» **EXERCISE BRIEF**: Retype the records word for word. Skip every image.

=== DATA FOR THE TASK ===

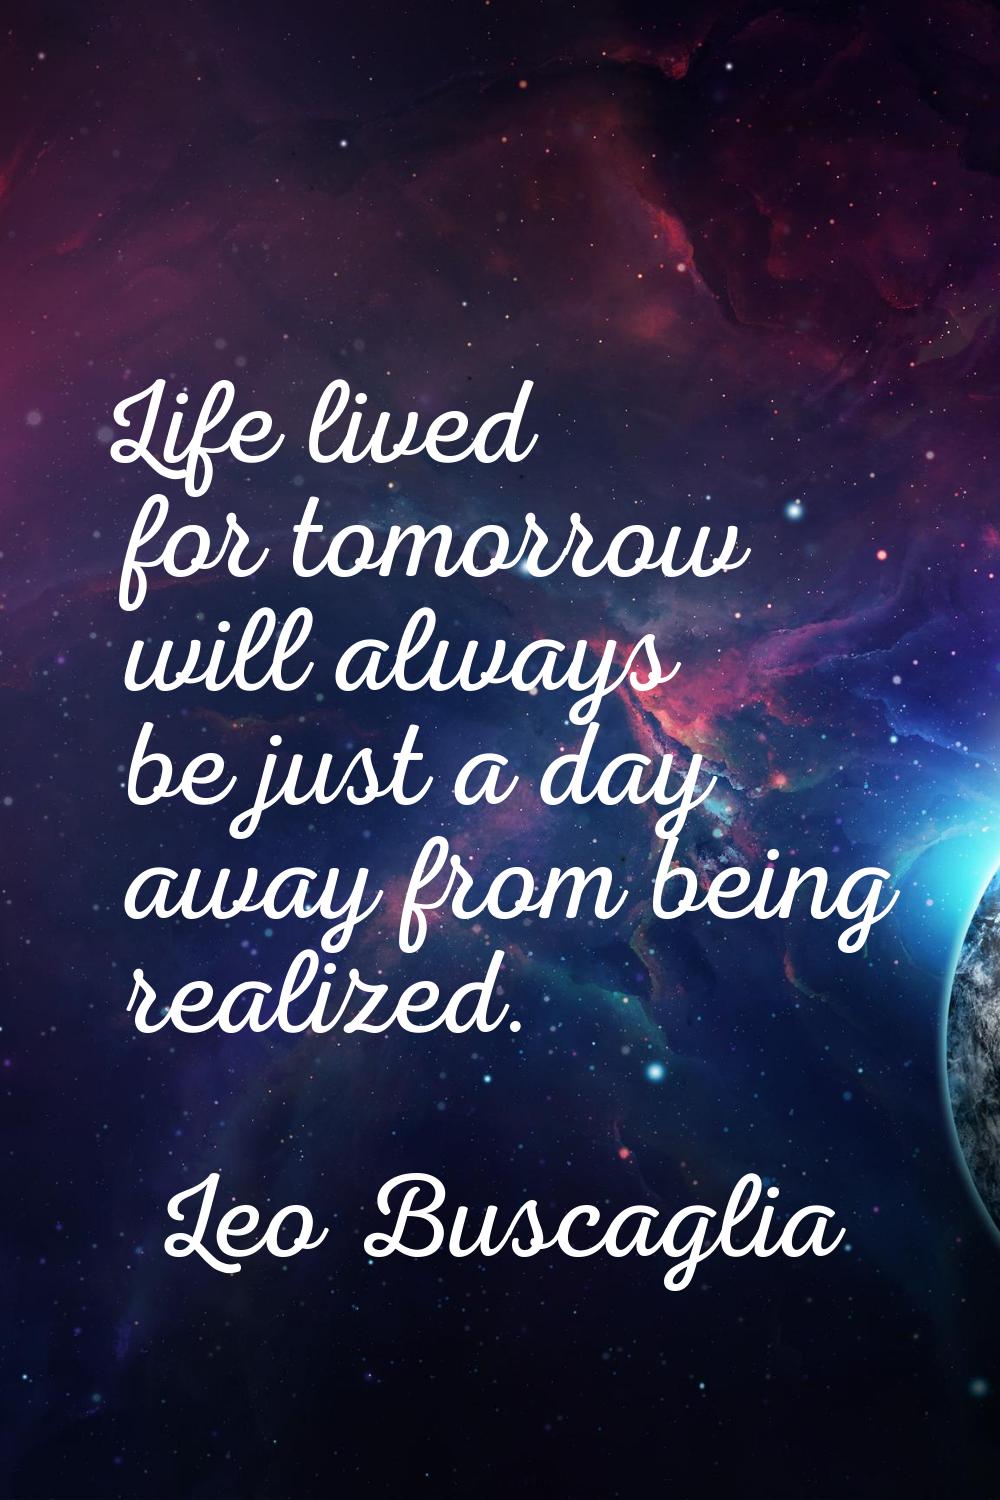 Life lived for tomorrow will always be just a day away from being realized.
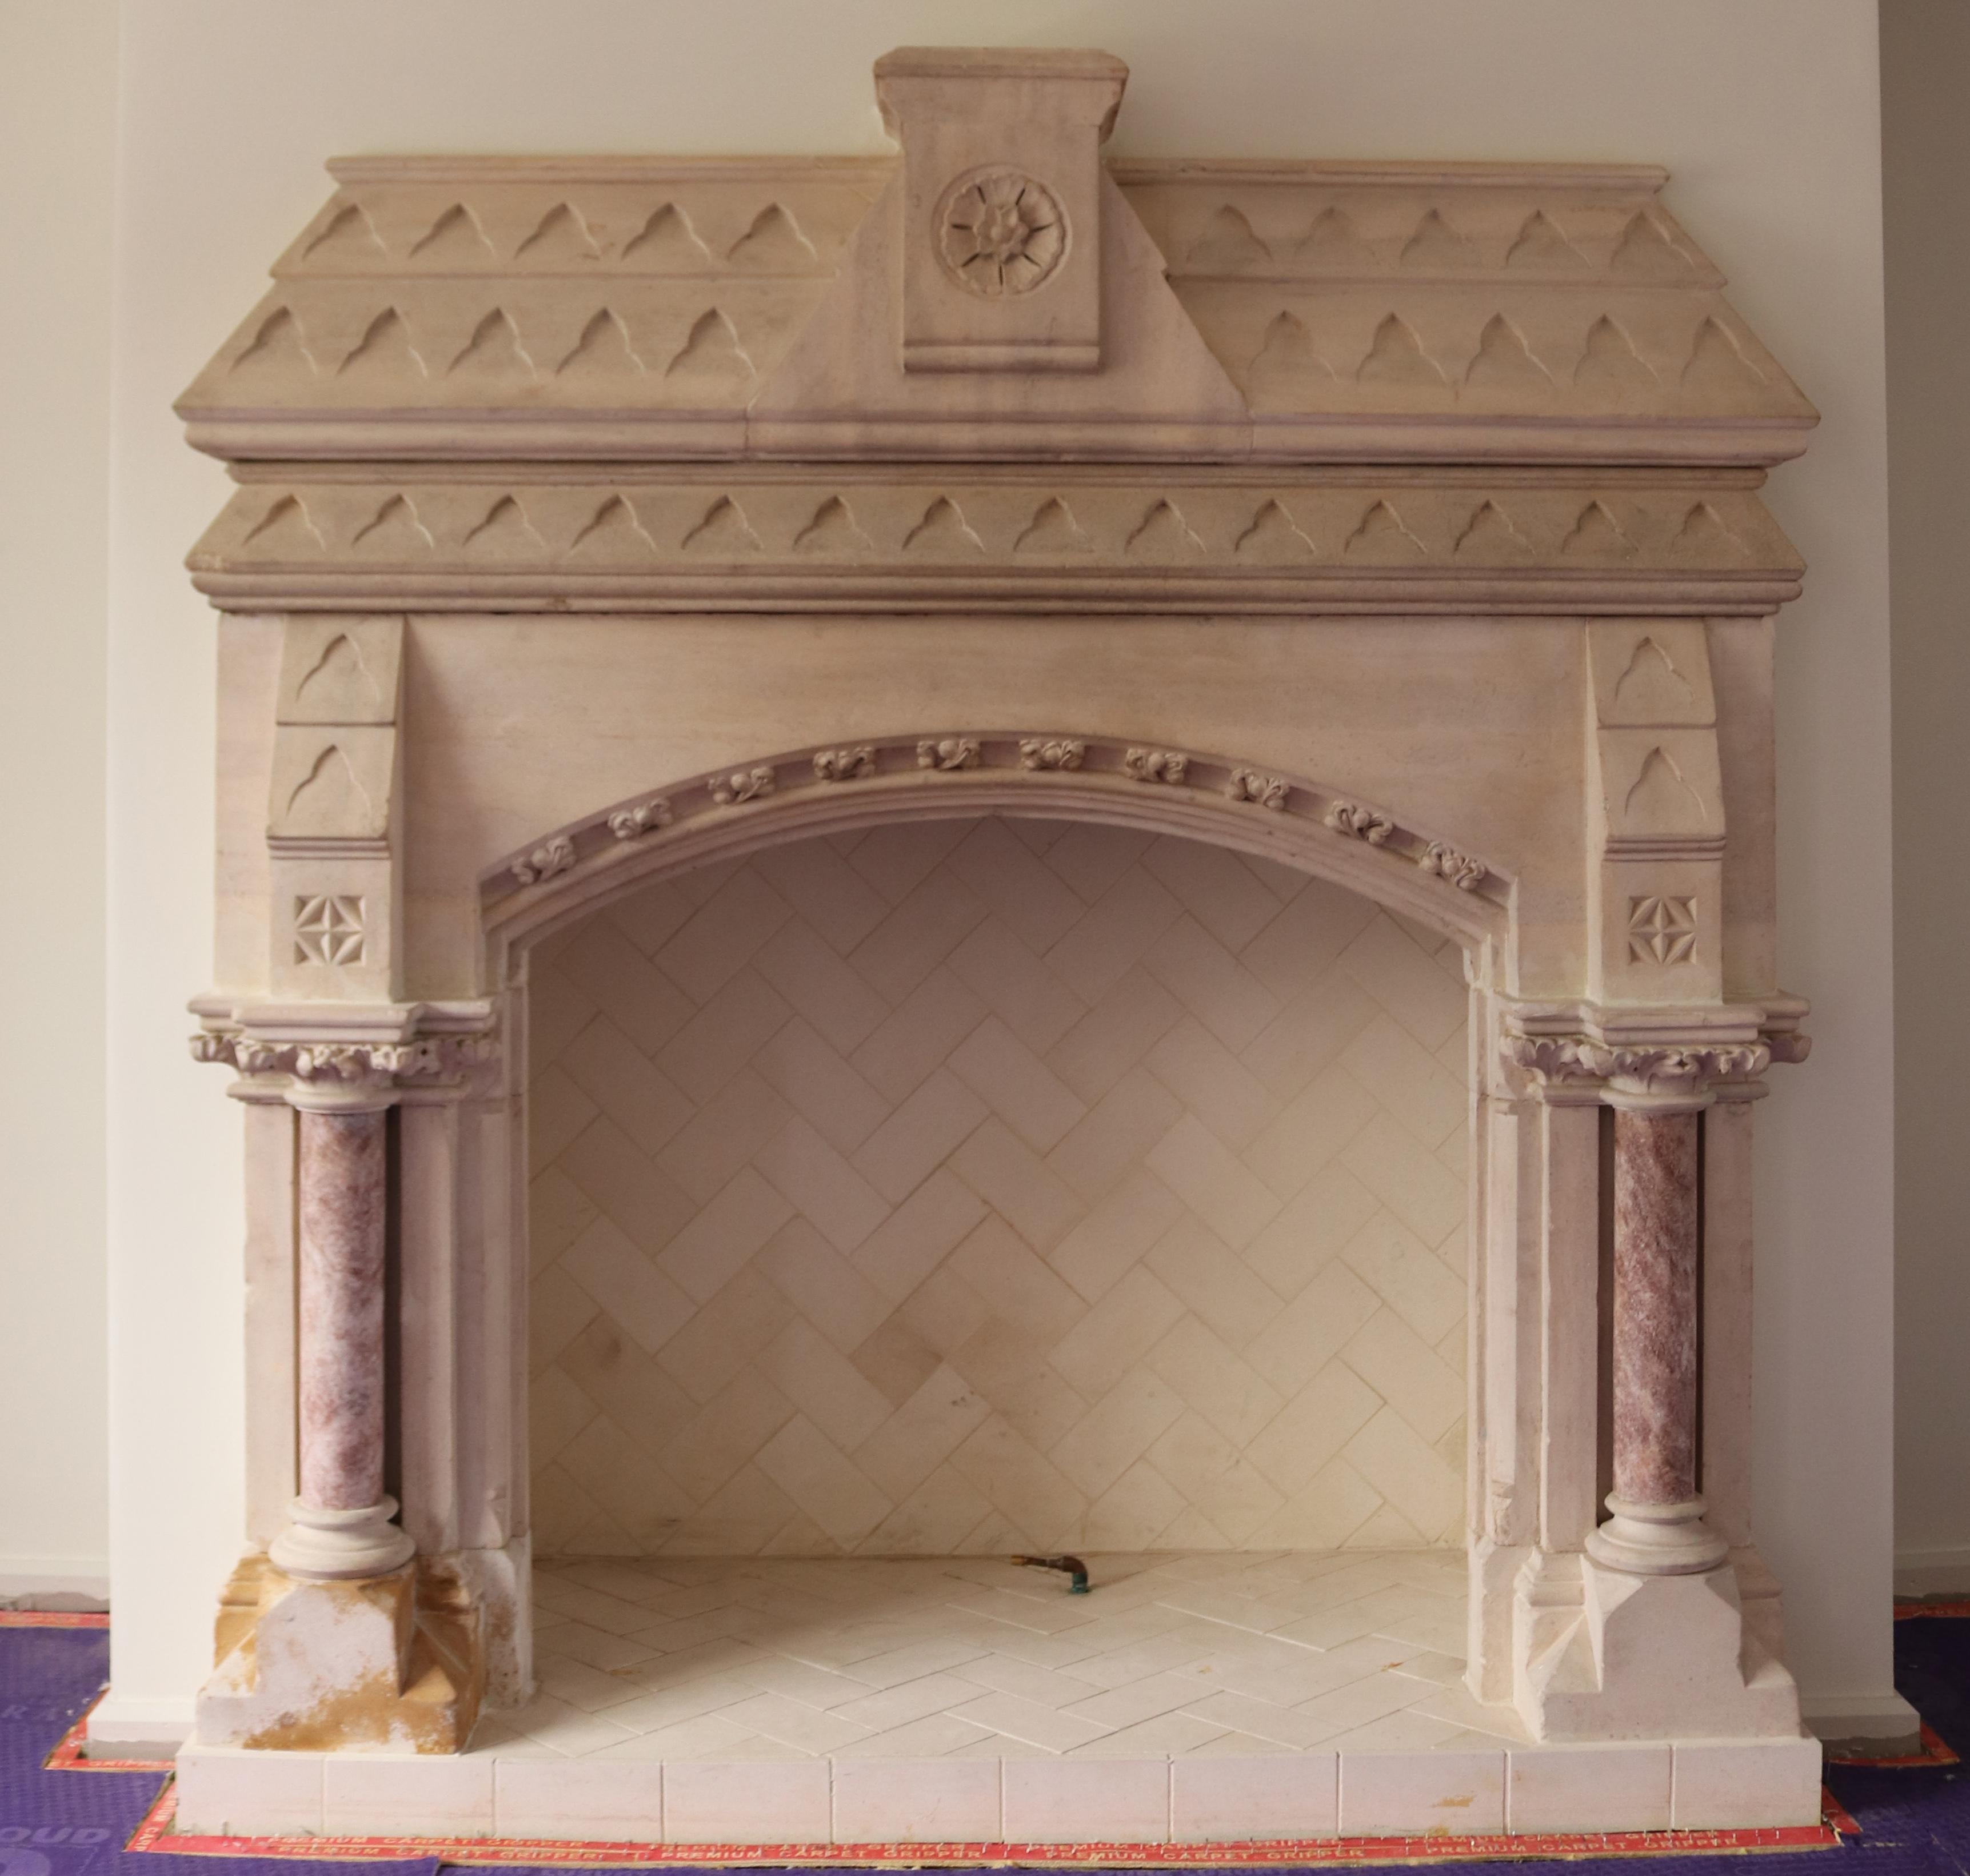 A mid-19th century English, Gothic Revival fireplace. This fireplace bears similarities with two
surrounds supplied to Presentation Convent, Co. Waterford, designed by Augustus Pugin and
completed by his son Edward Pugin.

Carved from Caen
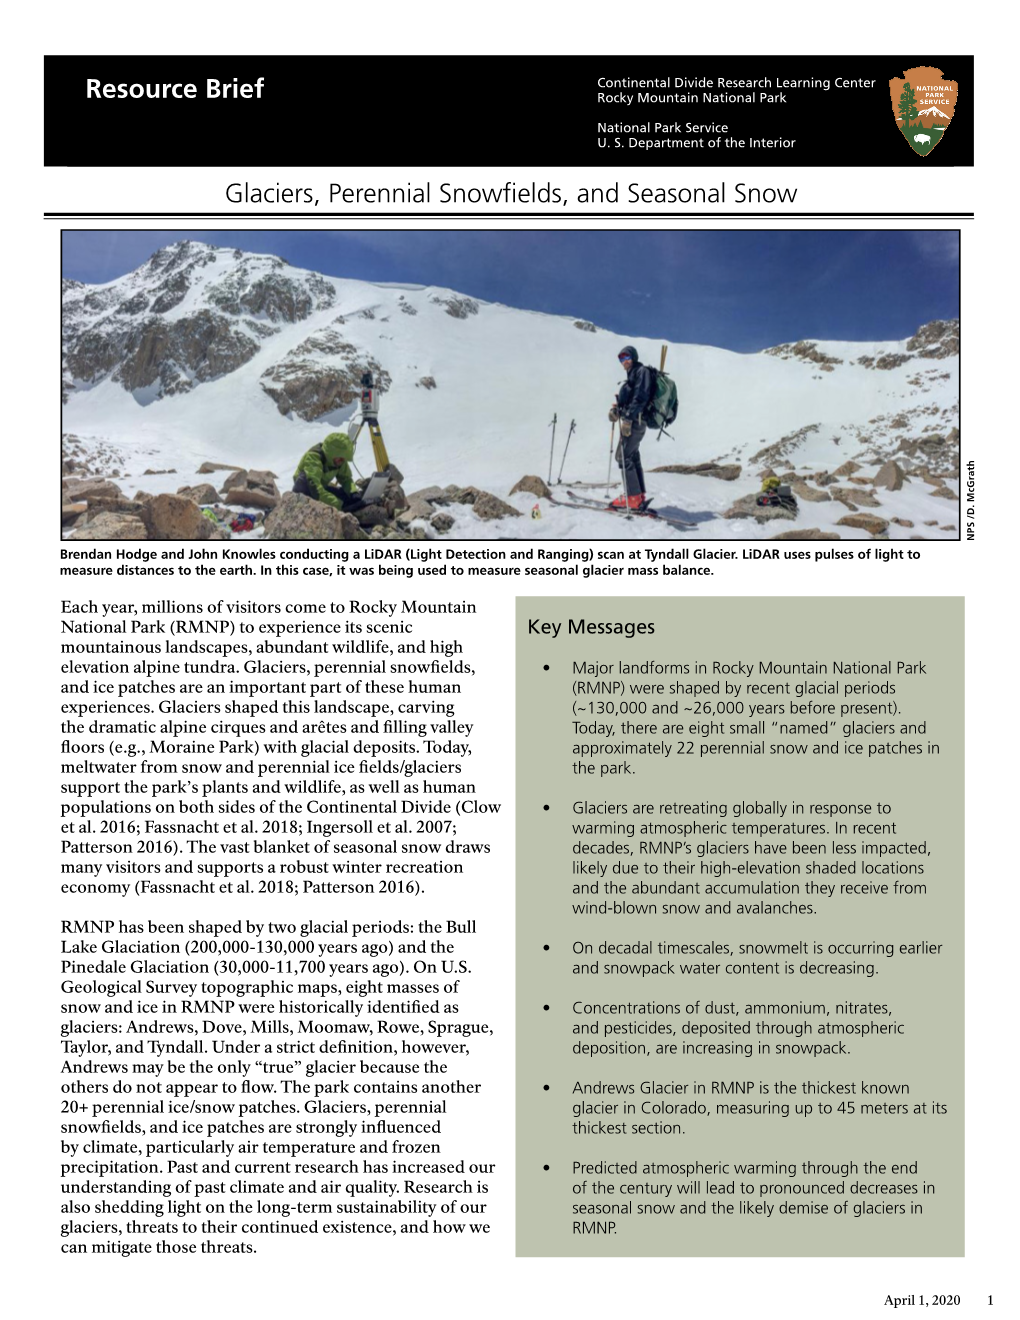 RMNP Resource Brief: Glaciers, Perennial Snowfields, And
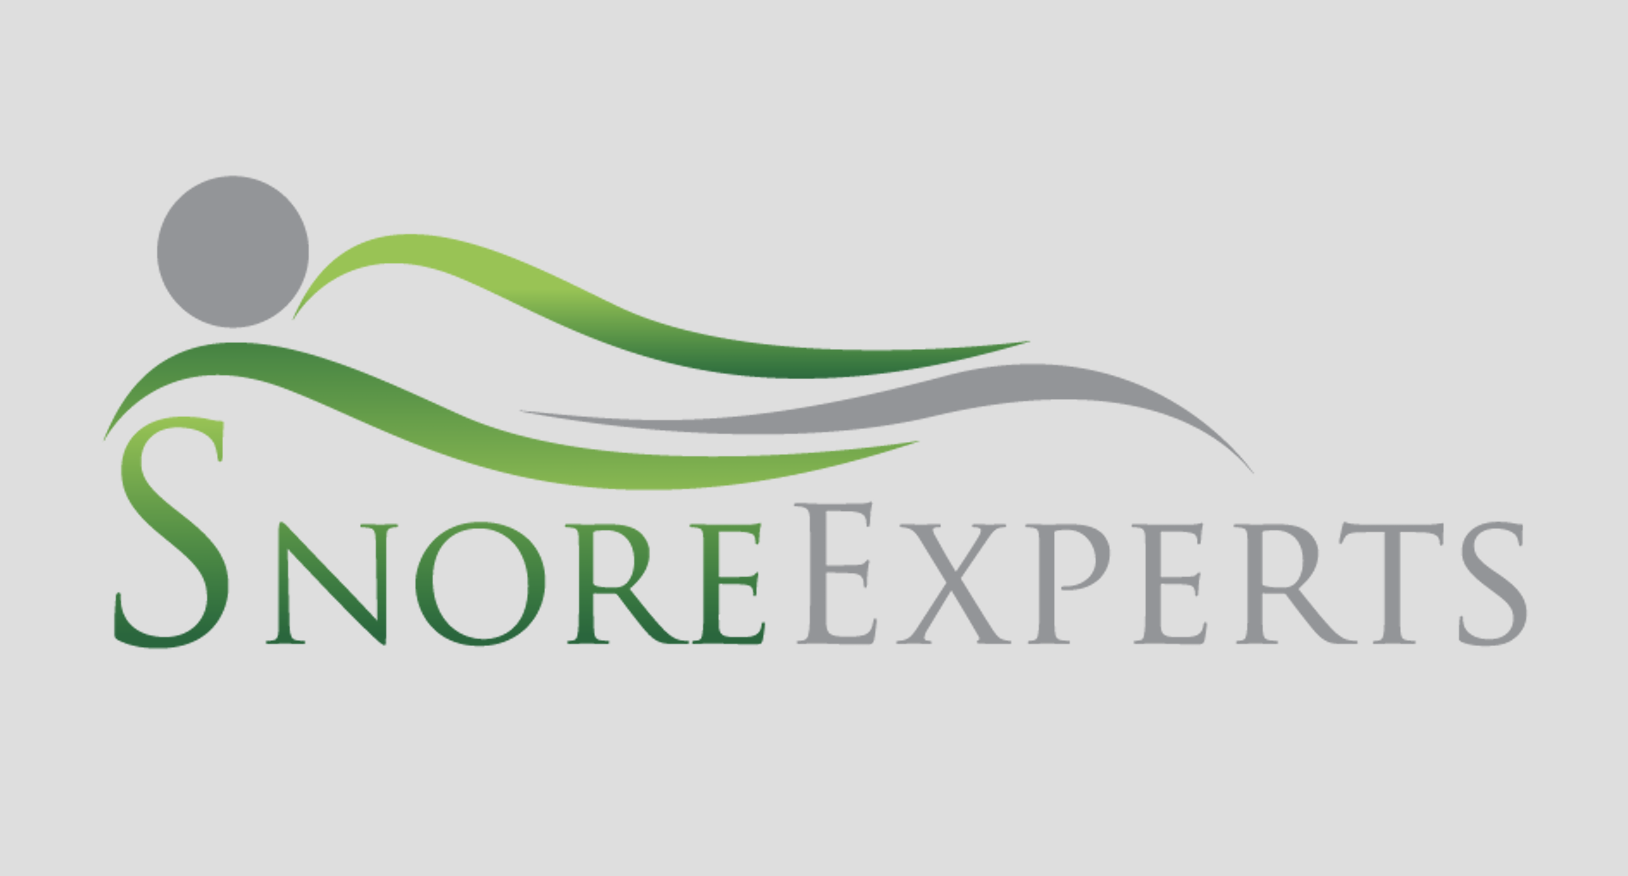 Snore Experts Logo
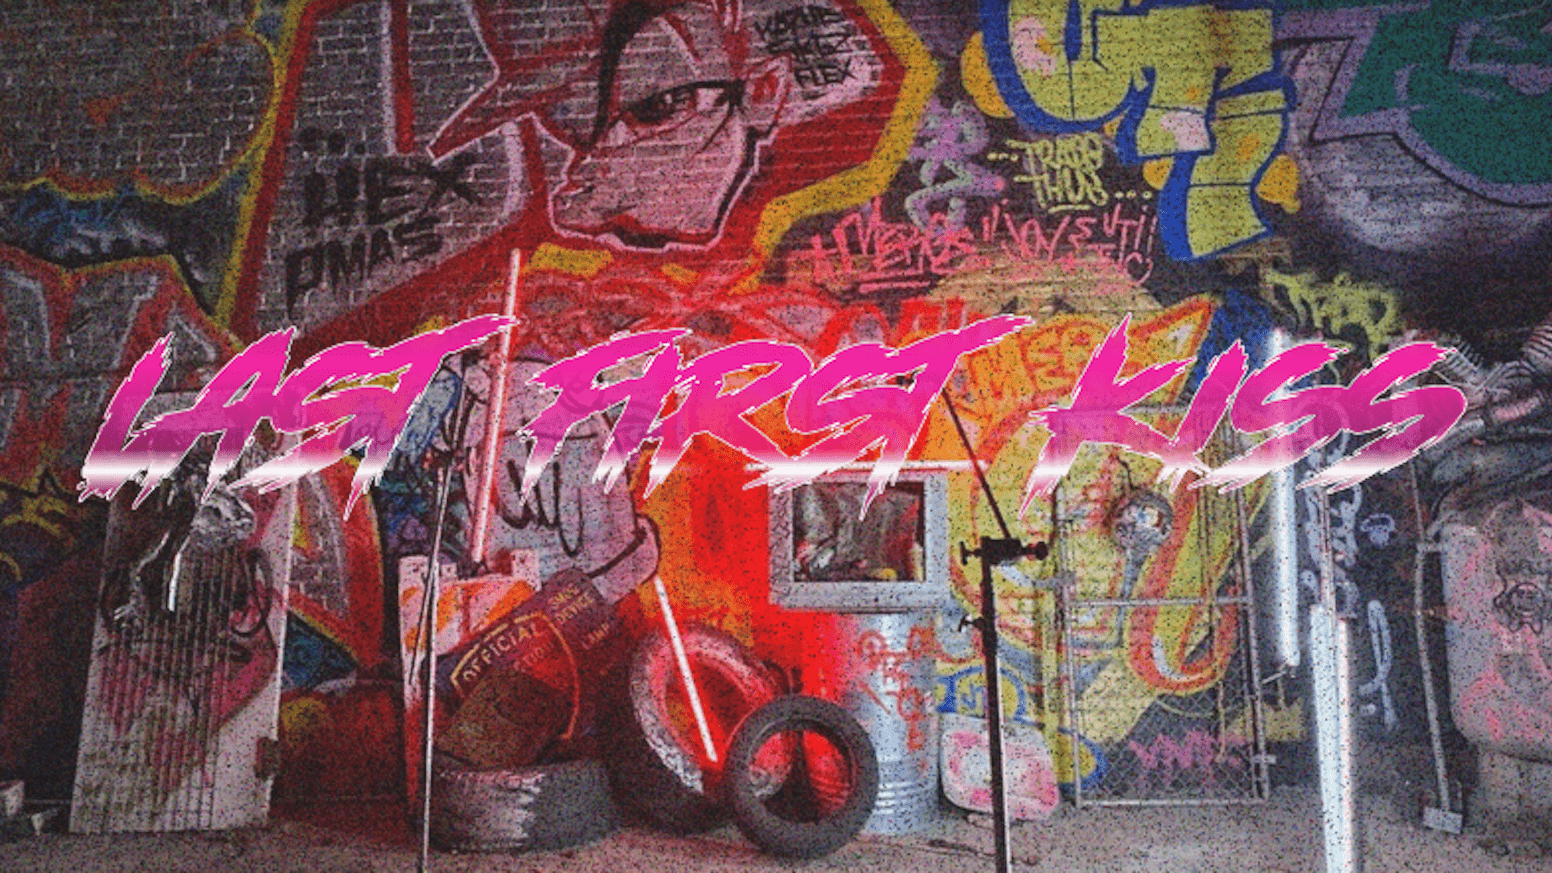 A wall covered in graffiti with the words

===

» **EXERCISE RESULT**:
 Life lived for tomorrow will always be just a day away from being realized.
 A mid-19th century English, Gothic Revival fireplace. This fireplace bears similarities with two
surrounds supplied to Presentation Convent, Co. Waterford, designed by Augustus Pugin and
completed by his son Edward Pugin.

Carved from Caen
 RMNP Resource Brief: Glaciers, Perennial Snowfields, And
 Snore Experts Logo
 A wall covered in graffiti with the words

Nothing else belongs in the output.